Does the bare minimum, you may get errors if not careful."""
@staticmethod
def key(passStr, saltStr, iterations=100000):
return hashlib.pbkdf2_hmac('sha256', passStr.encode('utf8'),
saltStr.encode('utf8'), iterations)
def initAES(self):
self.obj = AES.new(self.key, AES.MODE_CTR, counter=Counter.new(
128, initial_value=int.from_bytes(self.iv, byteorder='big')))
def __init__(self, filename, mode, key, iv=None):
if not mode in ('wb', 'rb'):
raise RuntimeError('Only rb and wb modes supported!')
self.pos = 0
self.key = key
self.mode = mode
self.fp = open(filename, mode)
if mode == 'rb':
self.iv = iv or os.urandom(16)
self.initAES()
else: self.iv = bytearray(16)
def write(self, data):
datalen = len(data)
if self.pos < 16:
ivlen = min(16-self.pos, datalen)
self.iv[self.pos:self.pos+ivlen] = data[:ivlen]
self.pos += ivlen
if self.pos == 16: self.initAES() # ready to init now
data = data[ivlen:]
if data: self.pos += self.fp.write(self.obj.decrypt(data))
return datalen
def read(self, size=-1):
ivpart = b''
if self.pos < 16:
if size == -1: ivpart = self.iv
else:
ivpart = self.iv[self.pos:min(16, self.pos+size)]
size -= len(ivpart)
enpart = self.obj.encrypt(self.fp.read(size)) if size else b''
self.pos += len(ivpart) + len(enpart)
return ivpart + enpart
def tell(self): return self.pos
# only in read mode (encrypting)
def seek(self, offset, whence=0): # enough seek to satisfy AWS boto3
if offset: raise RuntimeError('Only seek(0, whence) supported')

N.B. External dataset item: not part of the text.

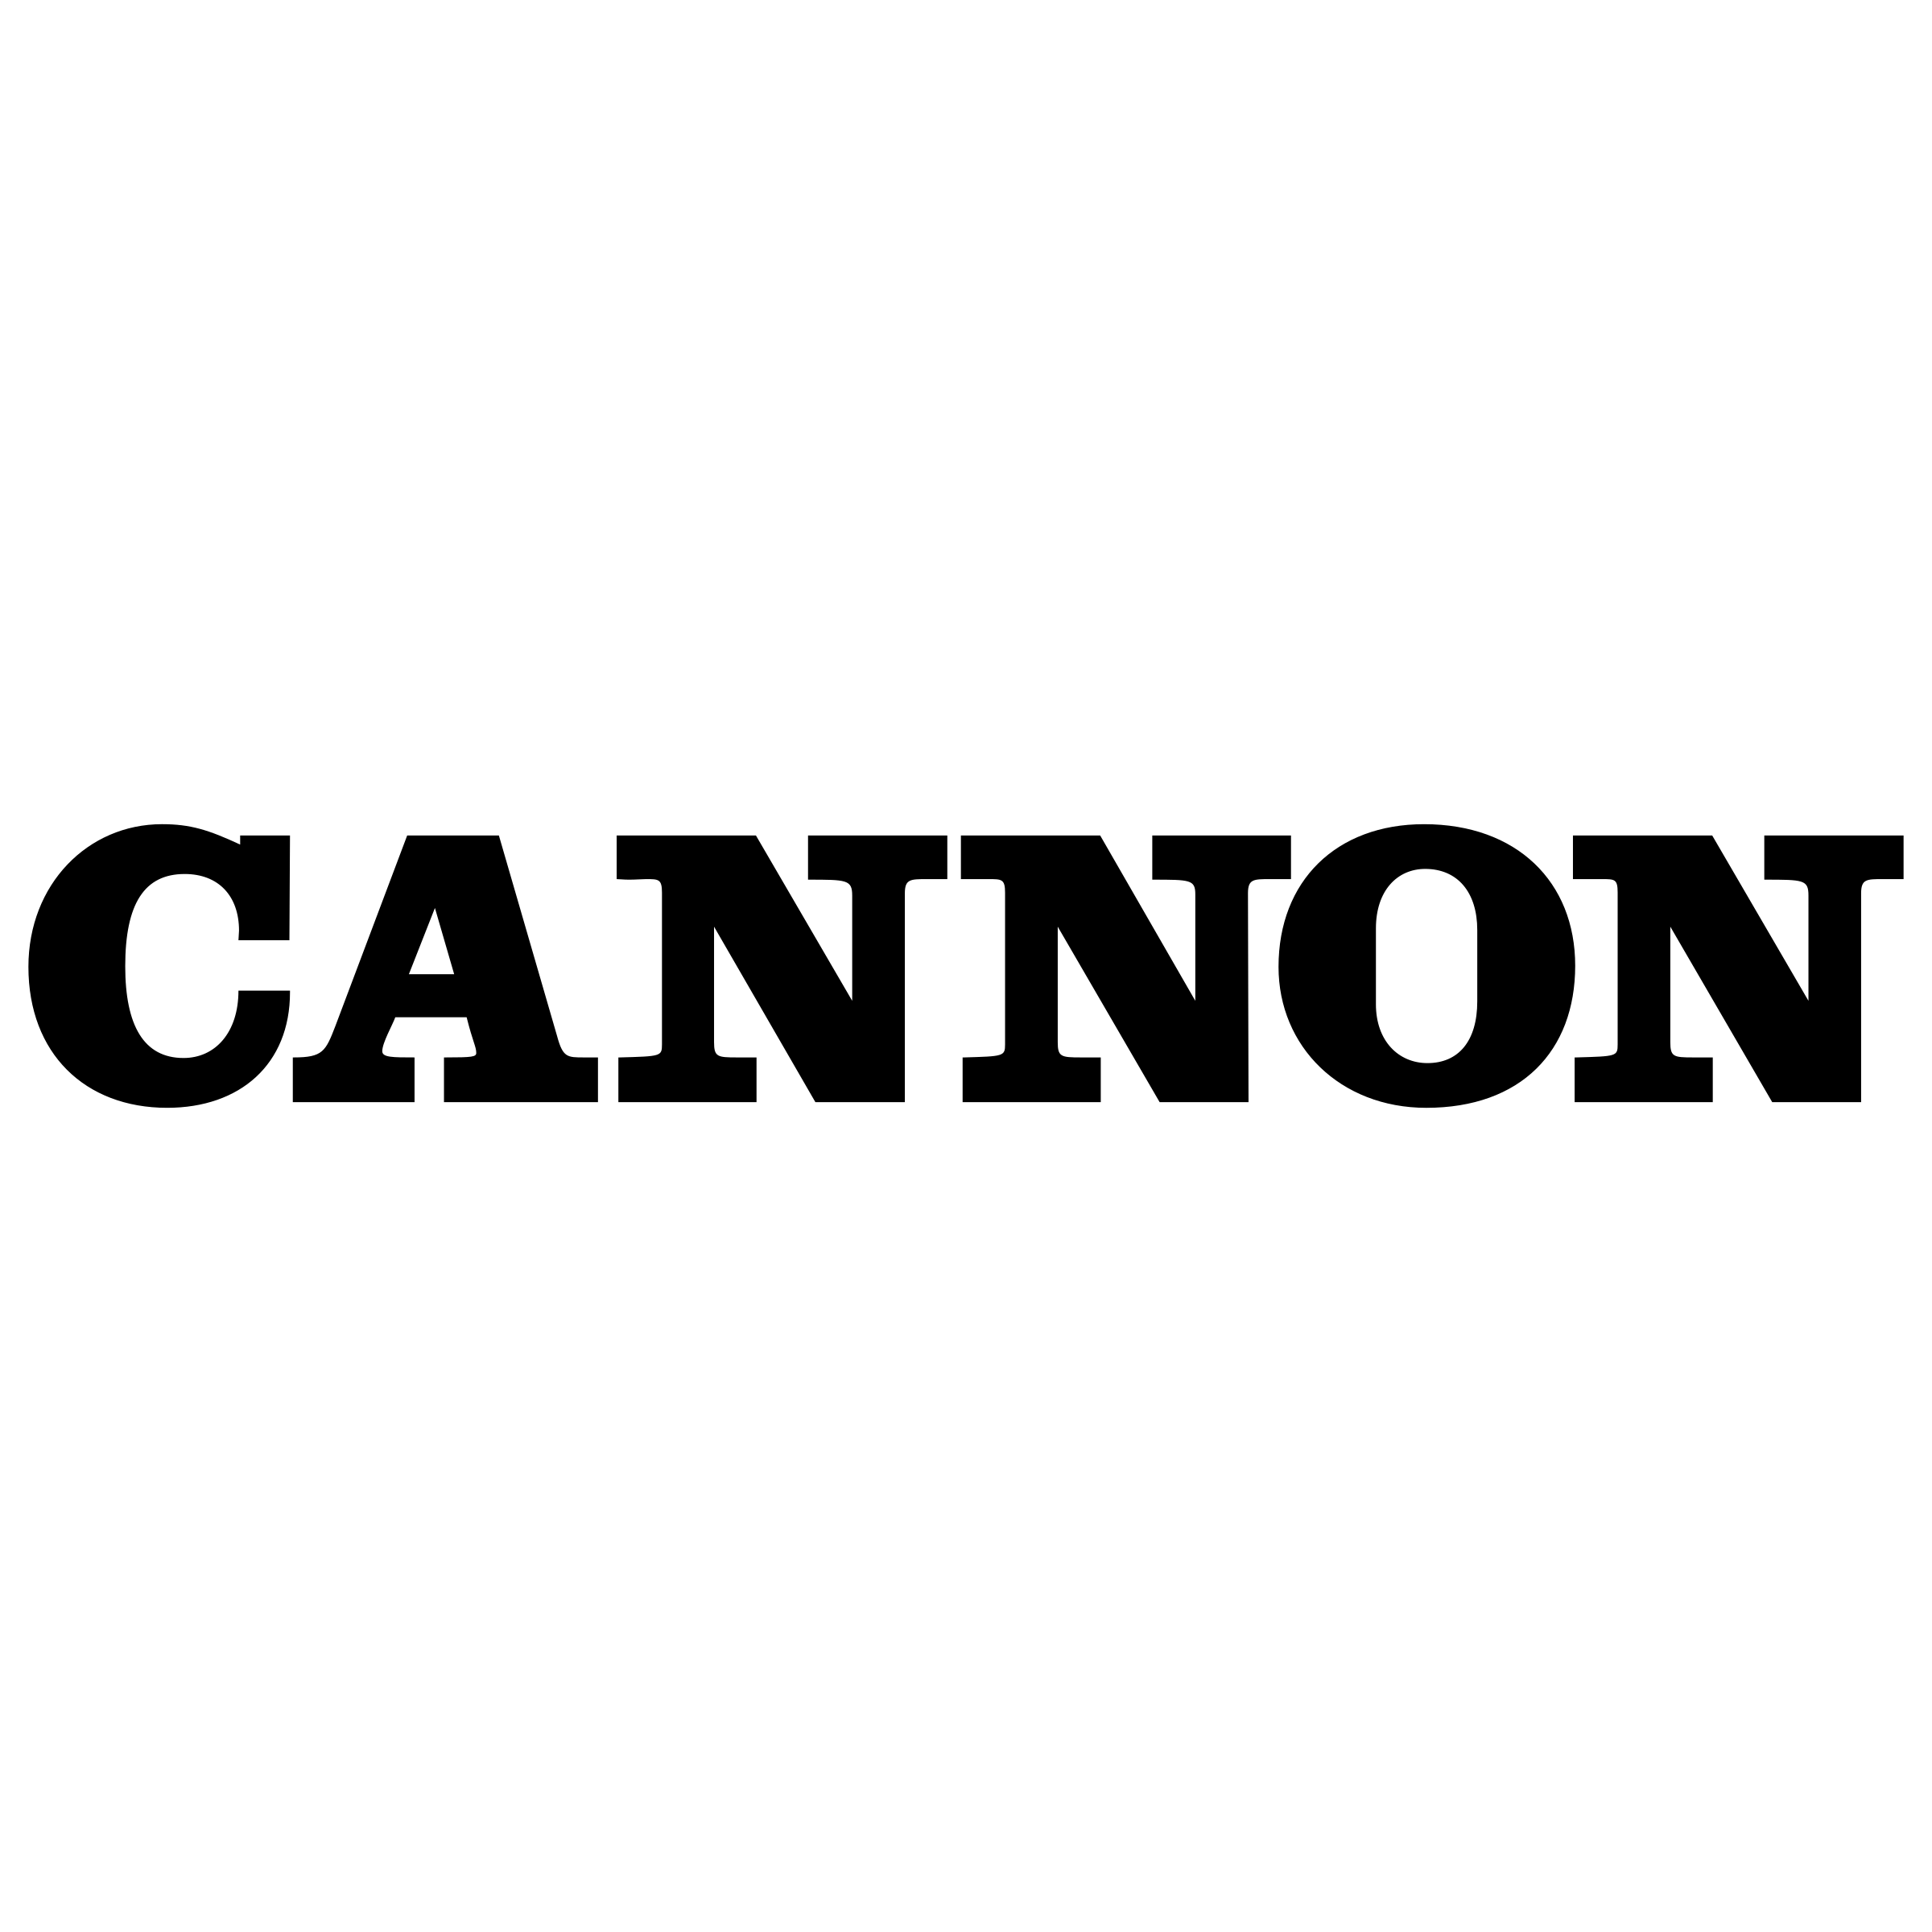 Cannon Logo - Cannon Logo PNG Transparent & SVG Vector - Freebie Supply

self.fp.seek(offset, whence) # offset=0 works for all whences
if whence==0: # absolute positioning, offset=0
self.pos = 0
self.initAES()
elif whence==2: # relative to file end, offset=0
self.pos = 16 + self.fp.tell()
def close(self): self.fp.close()
Using the wrapper locally is trivial, just replace the normal
fp = open(filename, 'rb')
with fp = AESFile(filename, 'rb', key)
(you can generate a 16 byte key yourself or use the AESFile.key
to
get proper PBKDF2 derived key from password and salt). Reading from
that file pointer will give you first the iv
and then contents of
filename
encrypted.
To decrypt, you replace rb
with wb
and write the encrypted data, and the
wrapper writes decrypted data into the chosen file. I've provided a
complete encryption/decryption utility with the source file in
fileson crypt.py
Wrapping it up into AWS S3
Armed with the above class, it becomes trivial to adapt the boto3
AWS S3
examples to encrypt on the fly during upload, and decrypt on the fly during
download. Note that you need to configure boto3
properly before running
the code below, so follow the SDK docs first and only do this after you've
successfully ran their example without encryption.
#!/usr/bin/env python3
import boto3
from crypt import AESFile
import argparse, time
parser = argparse.ArgumentParser(description='AWS S3 upload/download with on-the-fly encryption')
parser.add_argument('mode', type=str, choices=['upload','download'], help='Mode')
parser.add_argument('bucket', type=str, help='S3 bucket')
parser.add_argument('input', type=str, help='Input file or S3 object name')
parser.add_argument('output', type=str, help='Output file or S3 object name')
parser.add_argument('password', type=str, help='Password')
parser.add_argument('salt', type=str, help='Salt')
parser.add_argument('-i', '--iterations', type=int, default=100000,
help='PBKDF2 iterations (default 100000)')
args = parser.parse_args()
s3 = boto3.client('s3')
key = AESFile.key(args.password, args.salt, args.iterations)
if args.mode == 'upload':
fp = AESFile(args.input, 'rb', key)
s3.upload_fileobj(fp, args.bucket, args.output)
else:
fp = AESFile(args.output, 'wb', key)
s3.download_fileobj(args.bucket, args.input, fp)
fp.close()
Super cool. You need to have a file and a bucket, but armed with those, let's
try it out (writing the script itself to a folder called test
in S3):
user@server:~$ ./aws.py upload mybucket aws.py test/aws.bin password salt
user@server:~$ ./aws.py download mybucket test/aws.bin aws2.py password salt
user@server:~$ diff aws.py aws2.py
If all went perfectly, diff should find your files identical. You can download
the test/aws.bin
yourself to view the encrypted version.
Awesome. You can now store encrypted stuff to AWS at will.